Subject to Review (Theo Anthony, 2019)
Où la décision juste, crédible, ne repose plus sur le témoignage mais sur la trace calculable
Un court de tennis est un espace clos, borné, fermé sur lui-même, qui détermine un dedans et un dehors, un champ et un hors-champ. C’est aussi un terrain c’est-à-dire un territoire, qu’on peut comparer à un emplacement, une propriété, ou encore au territoire d’un Etat-nation. Sur ce terrain évoluent des joueurs et autour de lui une foule d’individus aux fonctions multiples : arbitres, spectateurs, ramasseurs de balles, entraîneurs, etc. Les enjeux financiers sont nombreux : gains des joueurs, salaires des professionnels impliqués, dépenses des spectateurs, publicités, chaînes de télévision, ventes de vêtements, etc. Par rapport à ces enjeux, la question de savoir qui gagne et qui perd est secondaire. L’important est la qualité du spectacle, sa crédibilité, le sentiment que quelque chose se joue dans une histoire qu’on puisse raconter. Pour légitimer le tournoi, il faut que les règles soient bien connues, qu’elles soient mises en application, et que chaque participant soit traité sur la base de l’égalité et de la justice. Comment garantir, aux yeux de tous, que ces principes soient respectés ?
Le film montre le transfert progressif des décisions à un système automatique nommé Hawk-Eye. Grâce à cet oeil d’aigle fait de capteurs, de dix caméras haute résolution et d’algorithmes, on peut reconstituer avec une précision supérieure à celle de l’oeil humain le trajet de la balle. Le système est capable de répondre à la question toute simple : où la balle est-elle tombée ? par oui ou par non. Il décide de manière supposée objective, sans contestation possible.
En 1882, Muybridge prévoyait déjà que, dans un avenir proche, on n’aurait plus besoin de juges pour déterminer le vainqueur d’une course, une photographie suffirait. C’est cette victoire du mécanisme sur le témoignage humain qui est le sujet du film. Hawk-Eye ne se contente pas de photographier la scène, ses caméras la reconstituent intégralement en 3D. Ce n’est pas une représentation, c’est une simulation. Un outil destiné au départ à améliorer le spectacle s’est transformé en instrument de justice. Les joueurs ont droit à trois appels contre les décisions de l’arbitre par set. La décision finale appartient à Hawk-Eye : c’est la machine qui détient l’autorité ultime. À ce moment les joueurs regardent l’écran, vers le ciel, dans l’attente de la décision.

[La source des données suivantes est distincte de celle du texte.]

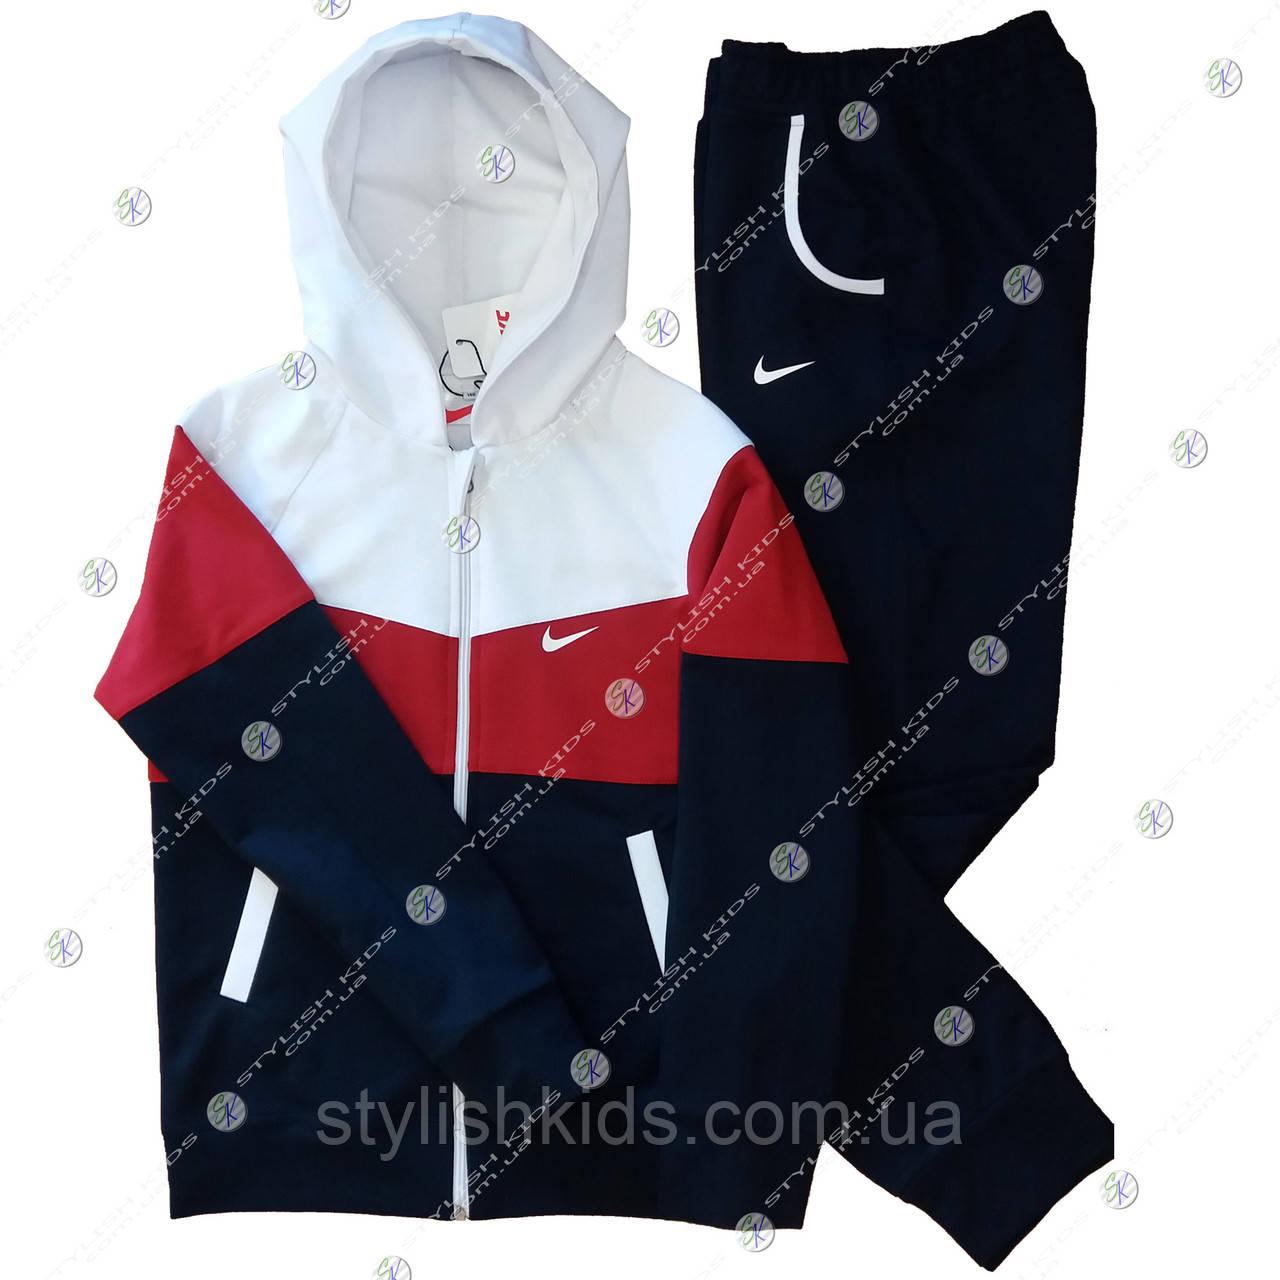 b69c80e37 Подростковый спортивный костюм Найк в интернет магазине.спортивный костюм  для подростка мальчика 134р-164р

Pour la décision, seule la balle compte, mais pour garantir la croyance, la confiance des spectateurs, il faut reconstituer l’image du court. La restitution d’un monde entièrement artificiel est nécessaire pour que la décision soit acceptée comme « juste », car vérifiée par les machines. Ce n’est pas l’image réelle qui fait foi, c’est l’image re-fabriquée. Le jeu vivant est réduit à l’état de trace calculable, et c’est cette trace calculable qui tient lieu de jeu.
Le juge est dans la position du témoin visuel qui peut toujours être contredit par un témoin absolu, une preuve. Son témoignage est dévalorisé au profit de la machine qui, elle, ne se trompe jamais. Peu importe la marge d’erreur, les approximations, le calcul impose son résultat, il est indéniable.
On peut s’interroger sur le type de « justice » qui résulte de ce dispositif. Entre un côté et l’autre côté de la ligne, il ne peut y avoir aucune ambiguïté, aucune opinion nuancée d’un juge, aucun intermédiaire, aucun compromis.